XD: [Did Luca want you] to absorb the spirit of that space of creation?

TC: Yes, which is Luca’s genius. Europeans know how to waste time better than Americans do! If we had shot the film the day I stepped off the plane from New York, it would’ve been manic and maybe half as long, because we would have been running through all the beats, instead of spending time being in tune with a vision and experience of Europe.

XD: How has your relationship with Luca evolved now that you have not only shot the film but also traveled with it to so many places?

TC: I’m figuring out adulthood as I’m figuring out these relationships. I had an excellent, intimate relationship with Luca through the process, and we were always in each other’s ears, but it wasn’t what it is now. It’s certainly nothing close to being peers, but I just get him more now. He’s really a blueprint for me, in terms of what I look for in a director.

XD: Will this film make you more fastidious in choosing future projects?

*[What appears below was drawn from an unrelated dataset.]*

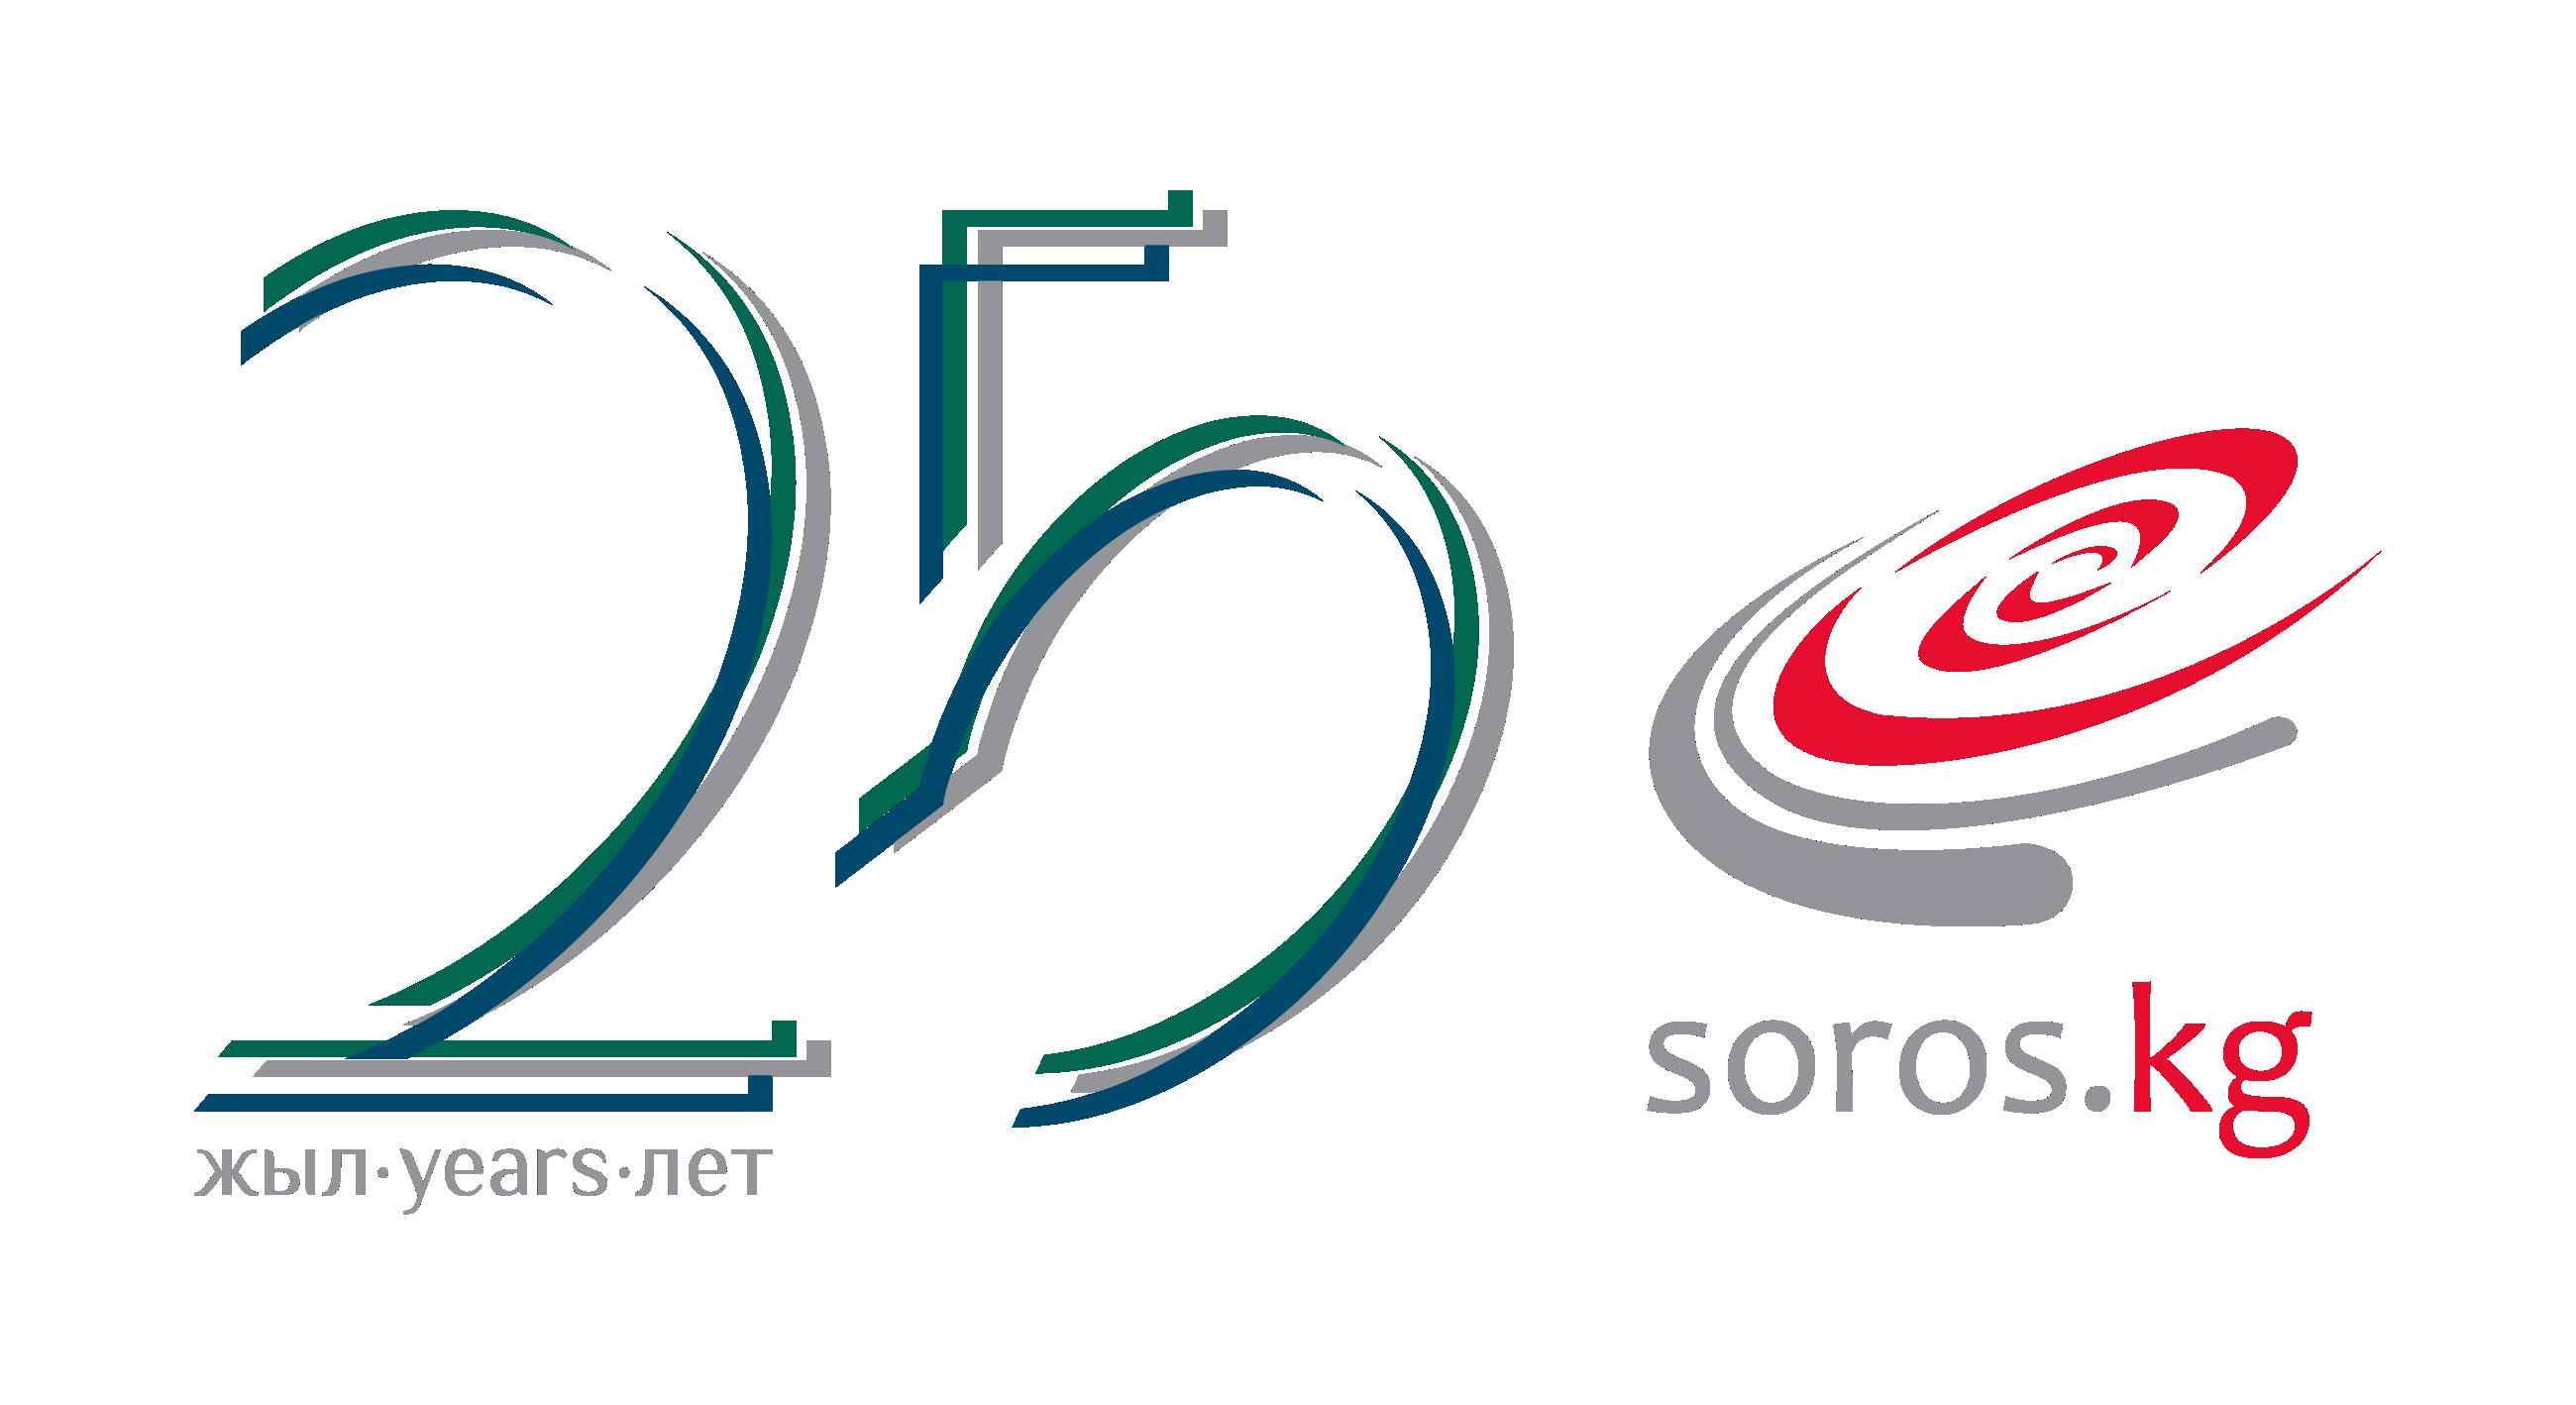 25yrs_Soros_Kyrgyzstan_01

TC: I’ll be very careful with what I do next. But I understand how difficult it’ll be to replicate the experience I had. With Luca, we were shooting in his town, sitting in his screening room, watching movies he loves. Luca has worked with his editor, producing partners, camera people, costume designer, etc. for 25 years. So you’re stepping into a system. It’s almost like the Warhol factory. That’ll be difficult to find and match.

XD: You’ve said Call Me By Your Name is a celebration of love. But do you feel it is equally, and perhaps even more, about pain? People say how mature this film is, and I wonder if “mature” is just a word we use for a movie that open-heartedly talks about pain, and celebrates it as well.

TC: I don’t disagree. Pain, after all, is mostly what Michael [Stuhlbarg]’s monologue is about. During that scene, I had a little voice at the back of my head saying, Hear this. Fucking hear this. When you’re suffering, or grieving, the only thing you can control or protect yourself from is the added layer of shame, beating yourself up over heartbreak, or forbidding yourself the pain. But there is no right way to grieve or suffer. If it ever was about pain—the pain that relates to heartbreak or love—it’s about how to deal with it.